Consumer finance expert Austin Kilgore, an analyst with the Achieve Center for Consumer Insights, part of digital personal finance company Achieve, recommends that younger adults nearing retirement start by checking one of many available online retirement calculators to determine how much savings they’ll realistically need to pay for their expenses in retirement.

“You can also visit the Social Security website for an estimate of what your income there would be. Given the uncertainty regarding government programs, it’s wise not to depend on Social Security entirely, but it’s still good to get an idea,” he adds.

 He says the next step is to create and use a budget built on goals and include retirement savings as an expense in the budget so that it is a “bill” to be paid every week or month.

“Then put that savings on autopilot by adding a designated percent or amount of every paycheck to a retirement savings account,” Kilgore advises.

Be proactive and find alternative solutions.
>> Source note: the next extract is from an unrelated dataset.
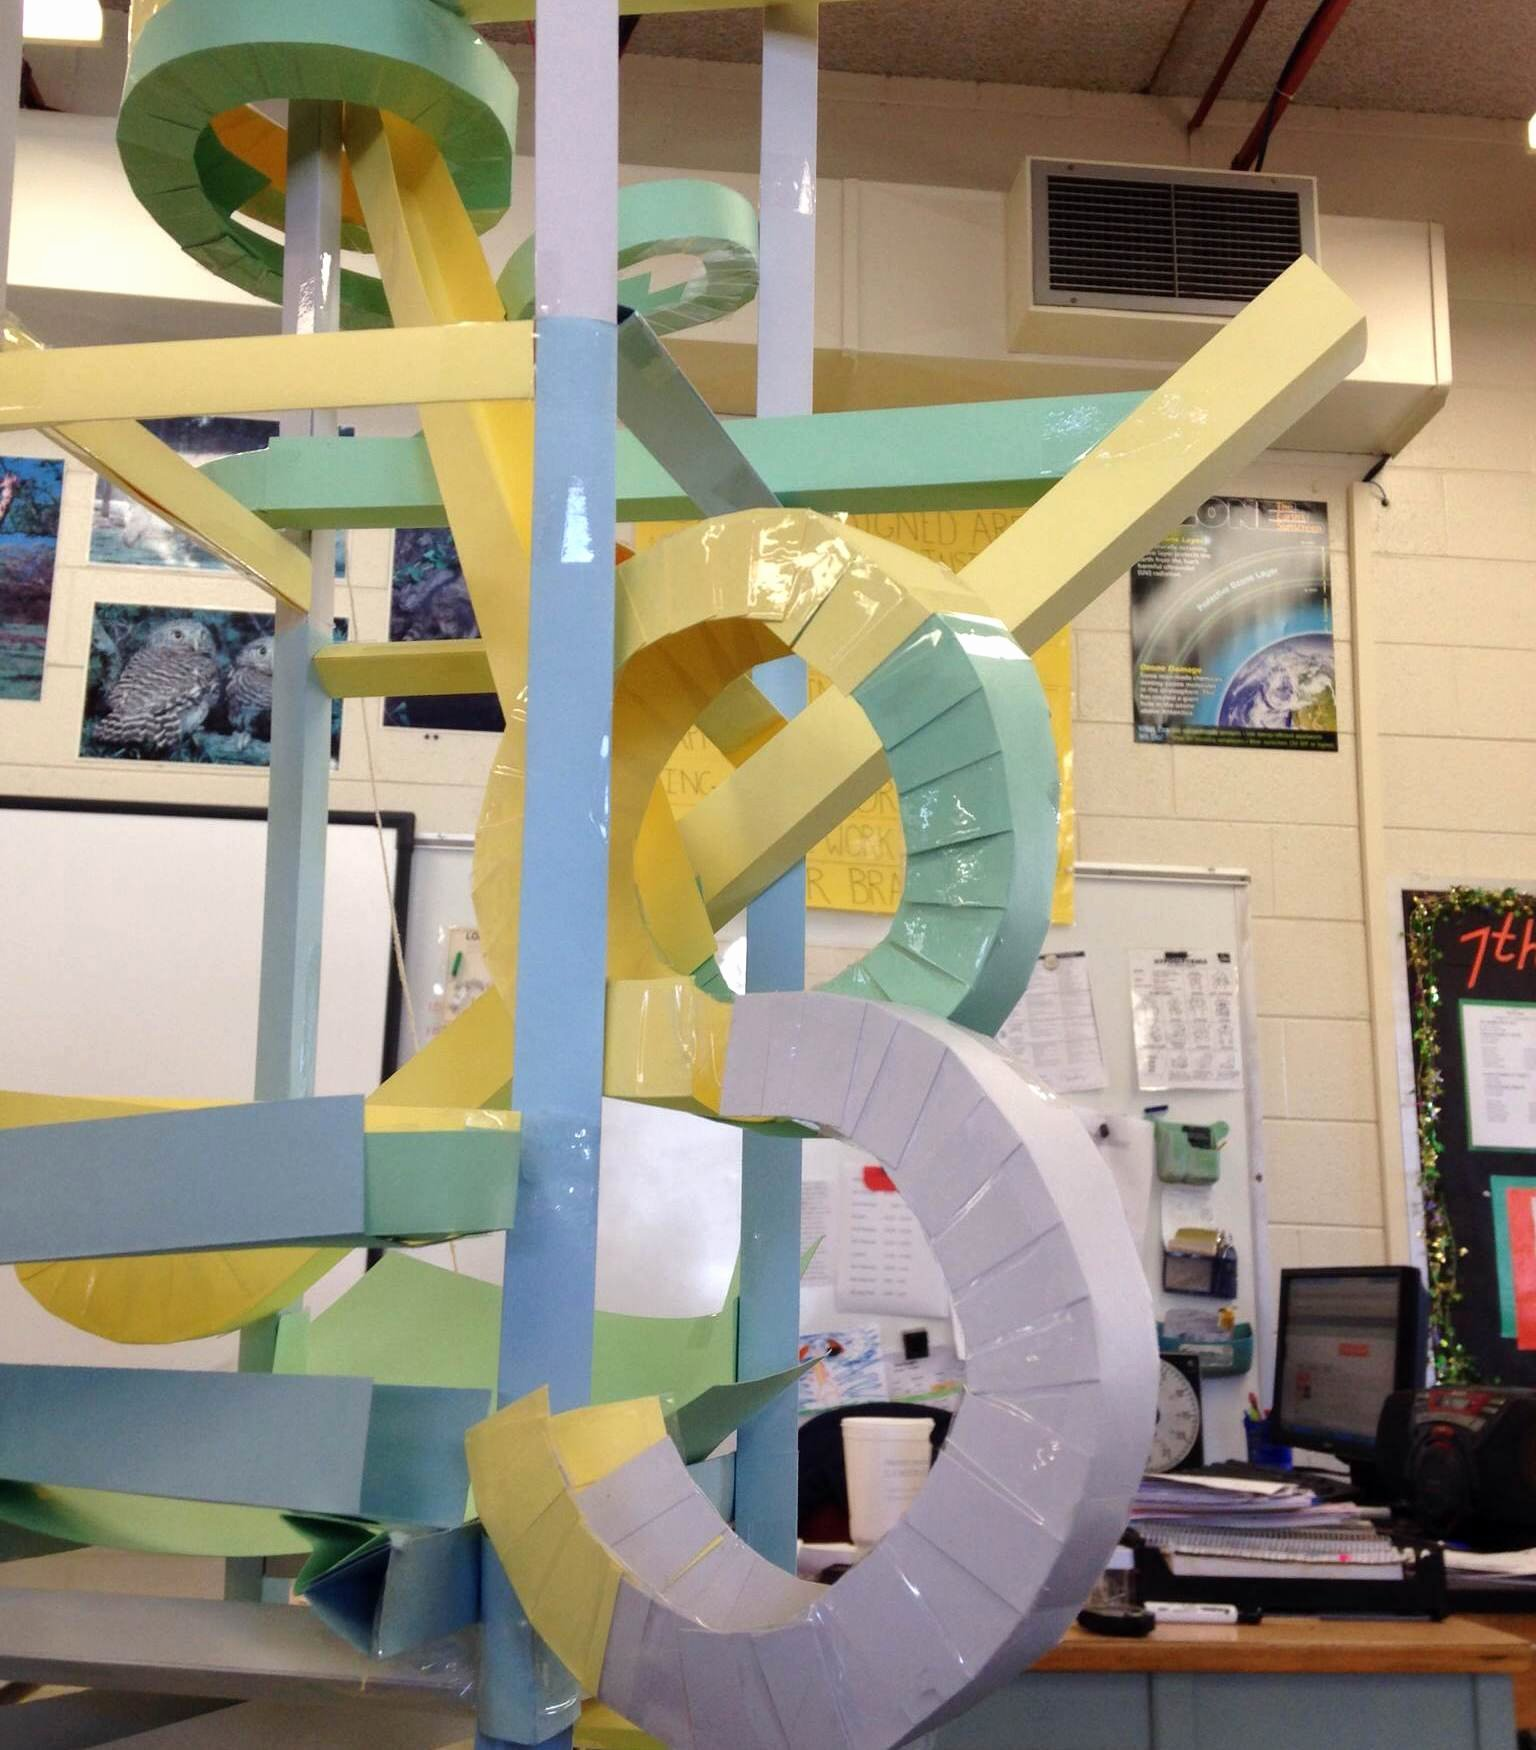 Paper Roller Coaster Blueprints Inspirational Paper Roller Coasters

Retirement Genius’ Orestis says that alternative funding solutions, such as a reverse mortgage or liquidating unneeded life insurance policies through a life settlement, can generate significant liquidity.

He urges younger adults to invest consistently, manage debt wisely, and understand that today’s retirement is likely to be longer and more expensive than previous generations’.

Cutting back

Finally, CardRates.com’s Rebell notes that cutting back can include refinancing to lower the monthly mortgage cost and ensuring this cohort gets all the property tax breaks they are entitled to as senior citizens.

In addition, cutting expenses, especially those they may not even realize they have, is a good idea.

“That can include subscriptions that are on autopay, insurance policies that are no longer needed, and looking at how you use things you pay for, including utility and cable bills,” Rebell says. “You may be running the air conditioning on a second floor you rarely use. Consider lowering it a few degrees to take the edge off that bill.”